[HN Gopher] Launch HN: Datree (YC W20) - Best practices and secu...
       ___________________________________________________________________
        
       Launch HN: Datree (YC W20) - Best practices and security policies
       on each commit
        
       We are Shimon and Eyar, co-founders of Datree
       (https://www.datree.io). We've built software to help engineering
       teams automate the adoption of development best practices, coding
       standards, and security policies.  When I (Shimon) was the manager
       of a 400-developer company's infrastructure engineering team, we
       had an issue where a developer committed AWS secret keys into a
       public GitHub repo. We were very, very lucky that the bad actors
       who quickly got ahold of the keys "only" spun up compute instances
       to mine bitcoin.  Mistakes happen and they happen to the best of
       us. No developer wants to make mistakes, especially ones impacting
       production. Those mistakes can be not only costly to the business,
       but emotionally painful for the developer.  After finding out about
       the issue, I had to search for any other leaked secret in our
       repositories to make sure we were no longer exposed. The next thing
       that I had to do was to take steps to help folks avoid making this
       mistake again.  It's easy to create a policy that says "do not
       commit secrets to GitHub" (which was what I did) but in reality,
       this is much harder to implement. I would do things like sending a
       mass email to all of Engineering and having code reviewers check
       for it manually during code reviews. Problem is, these approaches
       don't work consistently--if at all.  The bigger the engineering
       team--and the faster it ships software--the bigger this problem
       becomes. Also, developers today operate more independently and have
       broader responsibilities; they are responsible for not just writing
       code, but also testing, and deployment to production.
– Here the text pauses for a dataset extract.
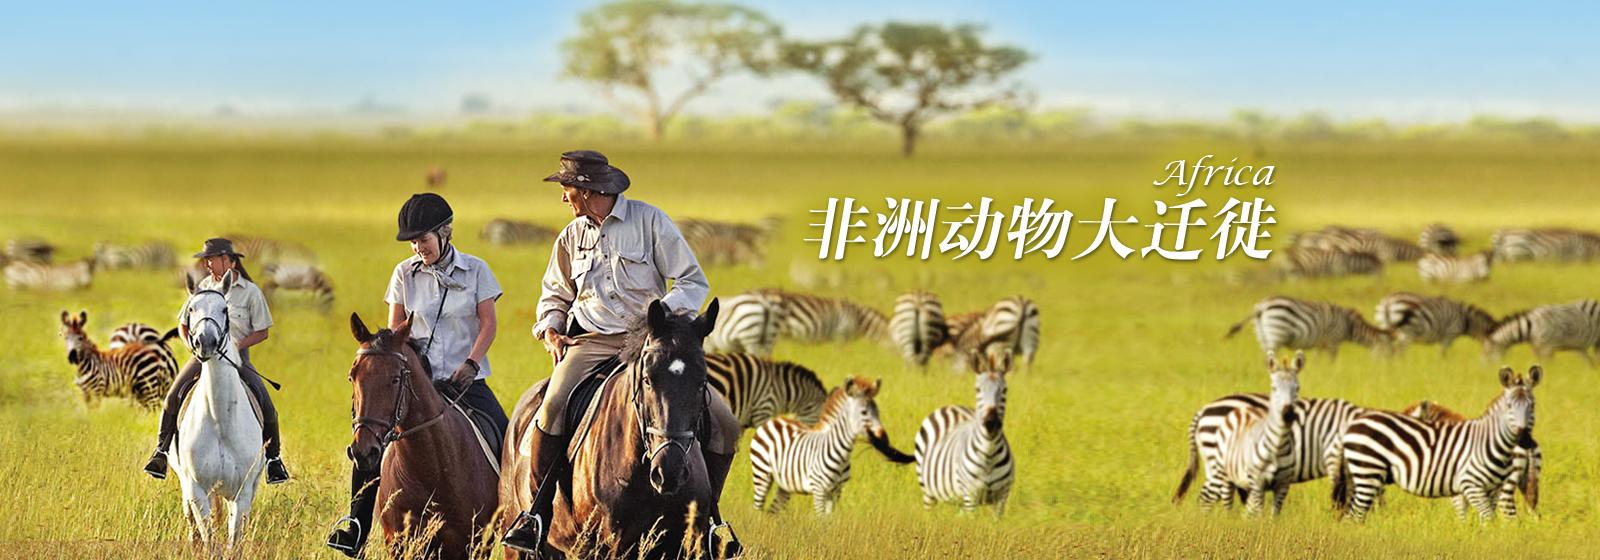 非洲动物大迁徙

You might
       expect that developers would follow best practices, standards, and
       policies, but of course, in practice, these things fall through the
       cracks. That's why we built Datree.  What we built is a rules
       engine, which is essentially a server-side git-hook platform. We
       connect it to the organization's source control, scan the layout of
       the repository, parse all structured files like YAML / JSON / XML /
       Dockerfile, and build a catalog with the organization's metadata--
       such as packages used, container images, and all the properties in
       the structured files.  The engine performs an automatic check each
       time code is committed to GitHub. This happens before the code can
       be merged to master. It runs just like your CI tests. It checks if
       the rules you've set are followed--and tells the developer when
       they aren't and how to fix it, but not like your CI configuration,
       Datree is running on the org level so you can apply any rule on all
       of your repositories in just one click.  You may be asking "is this
       another static code analysis tool?" We see Datree as completing or
       complementing those tools, not competing with them. We're seeing
       our customers create a rule with Datree to check and verify that
       static code analysis step is integrated and executed as part of
       their CI flow, instead of going over each CI config file in their
       repositories and updating it manually.  Rules could be anything:
       development best practices, lessons learned from post-mortems,
       security policies, or compliance standards. For example, a very
       popular rule is to prevent secrets from being merged into the
       master branch. Leaking secrets to source control is a common and
       potentially costly mistake (see
       https://news.ycombinator.com/item?id=19825202).  Often people ask
       us, "what rules should we adopt?" Because of this, we started
       curating industry best practices and turning them into rules they
       can simply enable when they use our product. Datree now comes with
       more than dozens of rules packs for all kinds of popular
       technologies (like Docker and serverless), languages and
       frameworks, tools (like GitHub and Travis CI), and even use cases
       (like SOC 2 compliance). Of course, you are free to create your own
       custom rules.  To date, Datree has run 100,000+ checks for
       Engineering teams large and small, including Microsoft,
       Globalgiving, Cybereason, and Gigster (YC S15, 400+ engineers).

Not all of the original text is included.